Supported Extensions

The following file extensions are supported:

Extension

.pdf

.tif

.tiff

.png

.jpeg

.jpg

Important

To add support for a specific format, please contact us at support@docsquality.com.

Endpoints

POST /engine/quality

Description

API Endpoint

POST /engine/quality

The endpoint allows to predict the quality of the document. A document file is required as a parameter of the request. In the case of a password-protected document, the endpoint will return relevant information about it and ask for the password, which must also be sent as a request parameter. In addition, it is possible to define a permission to store the uploaded document in our database by setting the save_access boolean value. Optional parameter of the request:

  • ocr_index enables evaluating of the OCR index of the input document

  • doc_category enables prediction of document category (for the list of recognized categories see description of POST /engine/document_category)

  • page_category enables prediction of category of each page separately

  • signature enables detection of the signature on the document (only PDF files*)

  • first_page sets the number of the first page to be predicted. Only pages with numbers between first_page and last_page will be predicted.

  • last_page sets the number of the last page to be predicted.

Request body

Important

The request body should be of type multipart/form-data and contain the following fields:

  • file (File, required): The document file to quality predict.

  • password (string, optional): The password for the protected file.

  • ocr_index (string, optional): The flag enabling the estimation of the OCR index. Set ocr_index=’true’ to include OCR index in API response.

  • doc_category (string optional): The flag enabling categorization of the entire document. Set doc_category=’true’ to include document category in API response.

  • page_category (string optional): The flag enabling categorization of each page in the document separately. Set page_category=’true’ to include the category of each page in API response.

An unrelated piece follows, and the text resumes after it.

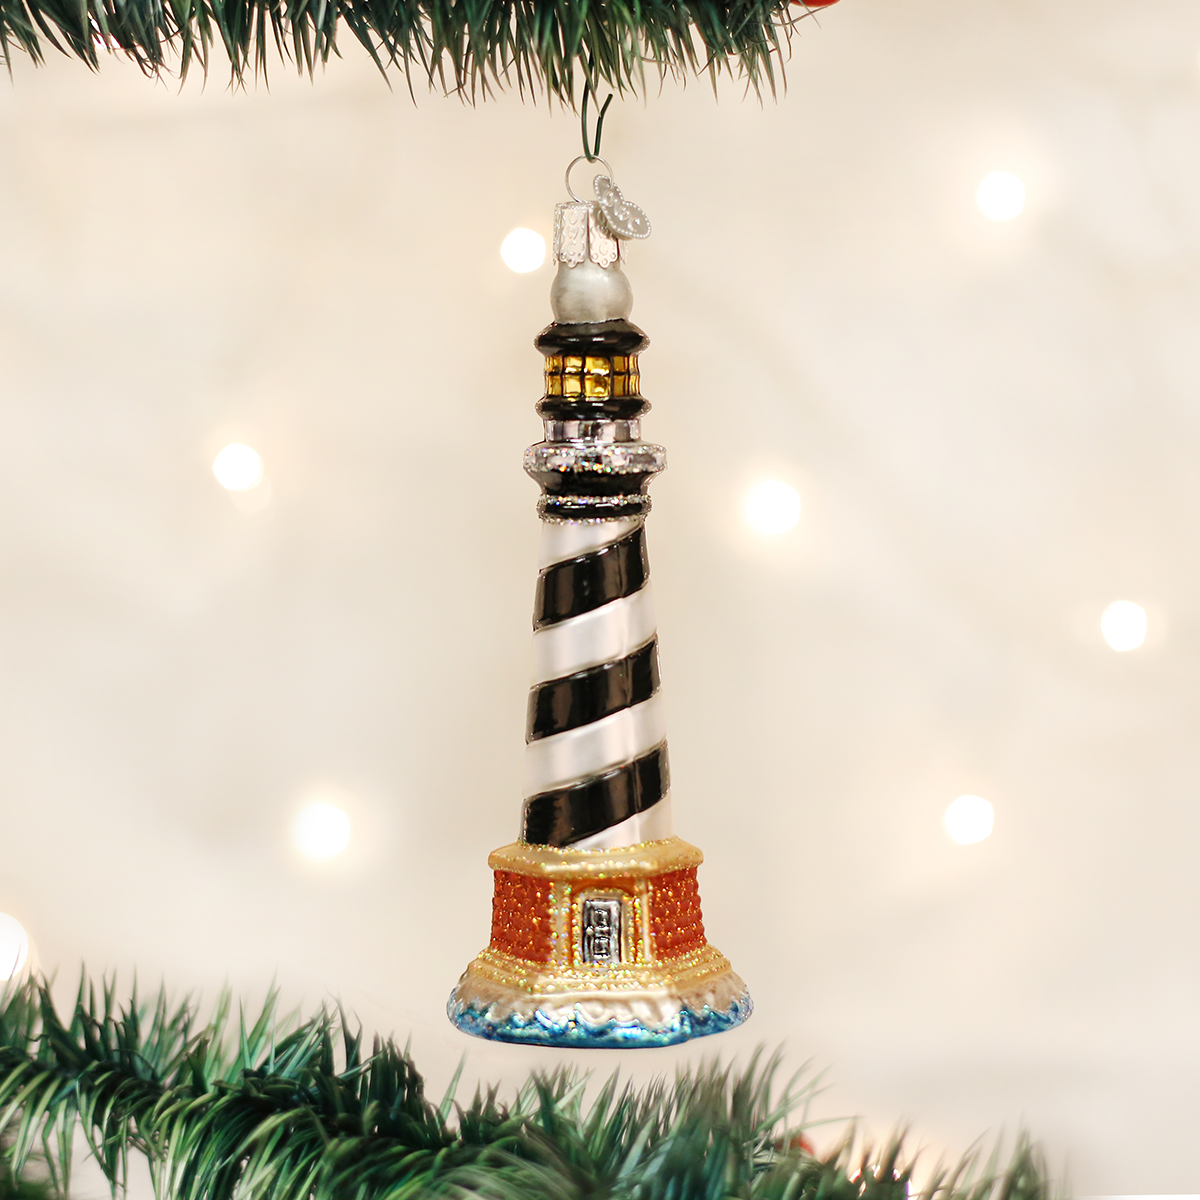 Cape Hatteras Lighthouse Christmas Ornament
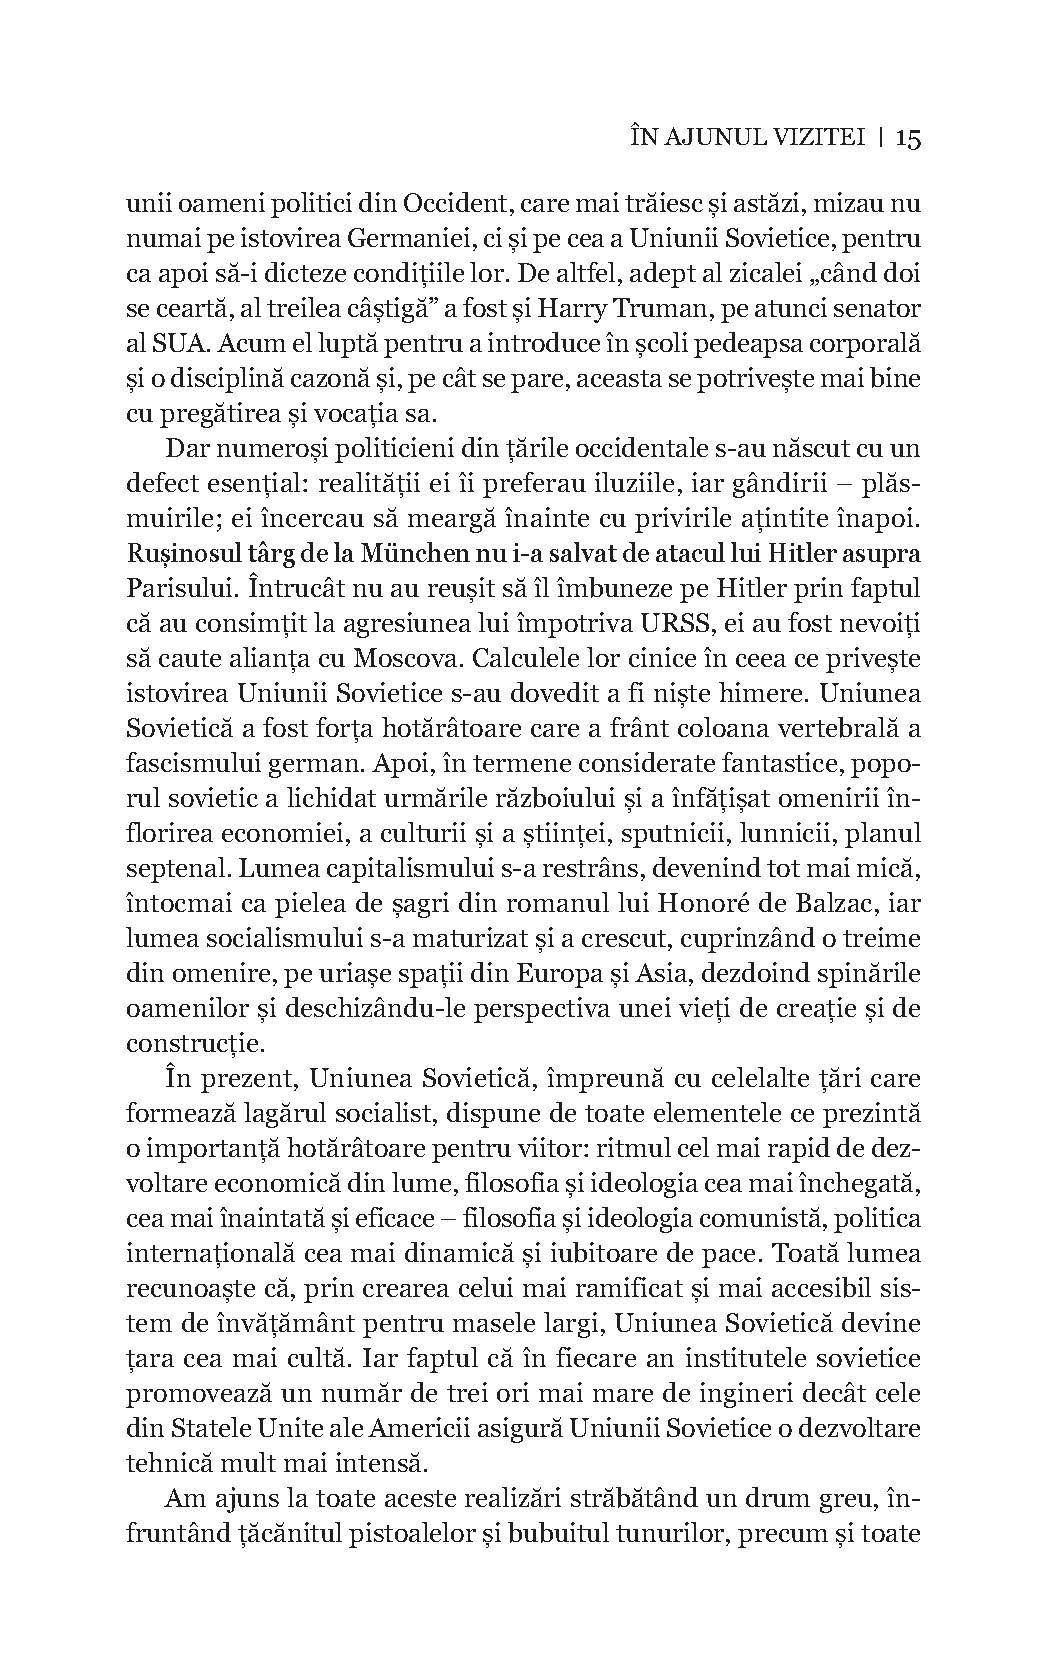 Fața în fața cu America - Editura Publisol - Ed. digitala - PDF - Publisol.ro

  • signature (string optional): The flag enabling the detection of the signature on the document. Set signature=’true’ to include the signature detection in API response.

  • first_page (int, optional): The first page to be predicted. Set to 1 by default.

  • last_page (int, optional): The last page to be predicted. Set to maximum by default.

Example Response

{
    "prediction": {
        "attribute": "READABILITY",
        "date": "2024-02-01 13:00:00",
        "execution_time": 1.0,
        "message": "The document file is of poor quality due to low readability",
        "ocr_index": 38.16,
        "quality": 45.0,
        "signed": false,
        "version": "1.1.3"
    },
    "qualities": [
        {
            "attribute": "READABILITY",
            "details": [
                {
                    "attribute": "SHARPNESS",
                    "detailed_attributes": [
                        {
                            "attribute": "GENERAL_SHARPNESS",
                            "quality": 100.0
                        }
                    ],
                    "quality": 100.0
                },
                {
                    "attribute": "READABILITY",
                    "detailed_attributes": [
                        {
                            "attribute": "UNREADABLE_HANDWRITING",
                            "quality": 45.0
                        },
                        {
                            "attribute": "UNREADABLE_PRINTED_TEXT",
                            "quality": 100.0
                        }
                    ],
                    "quality": 45.0
                },
                {
                    "attribute": "EXPOSURE",
                    "detailed_attributes": [
                        {
                            "attribute": "OVEREXPOSED",
                            "quality": 100.0
                        },
                        {
                            "attribute": "LOW_BRIGHTNESS",
                            "quality": 100.0
                        }
                    ],
                    "quality": 100.0
                },
                {
                    "attribute": "SHAPE",
                    "detailed_attributes": [
                        {
                            "attribute": "CONTOURS",
                            "quality": 100.0
                        },
                        {
                            "attribute": "PERSPECTIVE",
                            "quality": 100.0
                        }
                    ],
                    "quality": 100.0
                }
            ],
            "message": "The document file is of poor quality due to low readability",
            "ocr_index": 38.16,
            "page": 1,
            "quality": 45.0
        }
    ]
}

Error Responses

  • 400 Bad Request: If the request is malformed or missing required parameters.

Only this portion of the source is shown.